A glass surface is coated by an oil film of uniform thickness  $1.00\times {10}^{-4}cm$. The index of refraction of the oil is 1.25 and that of the glass is 1.50. Some of the wavelength in visible region (400nm – 490nm) are completely transmitted by the oil film under normal incidence. One of the wavelength transmitted completely in visible region is  $\frac{n\times {10}^{-6}}{11}$m. Find the value of n.

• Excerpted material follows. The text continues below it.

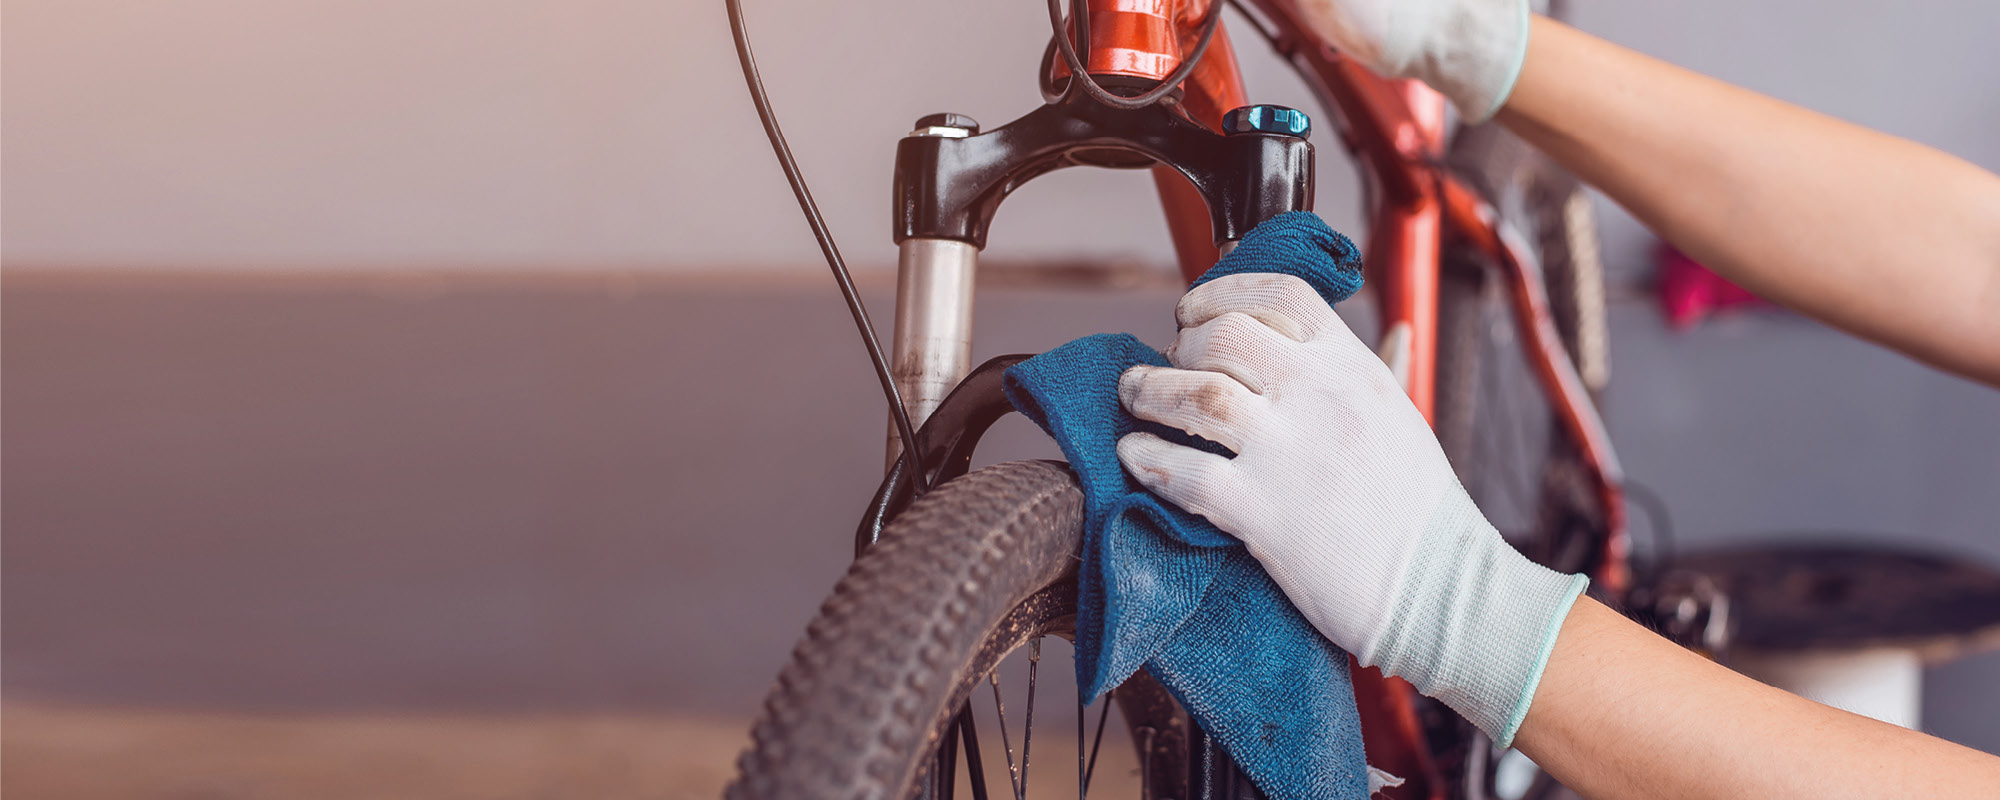 Sauber, sicher, schnell - Die besten Tipps zum Fahrrad reinigen

Optical path difference for the light transmitted through oil is  $\Delta x=2\mu l\cos r$
For normal incidence
 

$r=0,\cos r\to 1\Delta x=2\mu t$
But the interface between oil and glass will produce an additional path difference of  $\frac{\lambda }{2}$. There fore effective path difference $\Delta x=2\mu t+\frac{\lambda }{2}$
For constructive interference in transmitted light $2\mu t+\frac{\lambda }{2}=n\lambda ,n=1,2,\mathrm{............}$   Or

$2\mu t=(2n-1)\frac{\lambda }{2}$  or  $\lambda =\frac{4\mu t}{(2n-1)}=\frac{4\times 1.25\times 1\times {10}^{-6}}{2n-1}=\frac{5\times {10}^6}{(2n-1)}$
For n = 1,  $\lambda =5\times {10}^{-6}m=5000nm$
For n = 2,  $\lambda =\frac{5\times {10}^{-6}}{3}m=1666.67nm$
For n = 3,  $\lambda =\frac{5\times {10}^{-6}}{5}m=1000$nm
For n = 4,  $\lambda =\frac{5\times {10}^{-6}}{7}m=714.29$nm
For n = 5,  $\lambda =\frac{5\times {10}^{-6}}{5}m=555.55$nm
For n = 6,  $\lambda =\frac{5\times {10}^{-6}}{11}m=\mathrm{4.54.54}$nm
The wavelength which are strongly transmitted visible range are : 714.29 nm, 555.55 nm and 454.54 nm.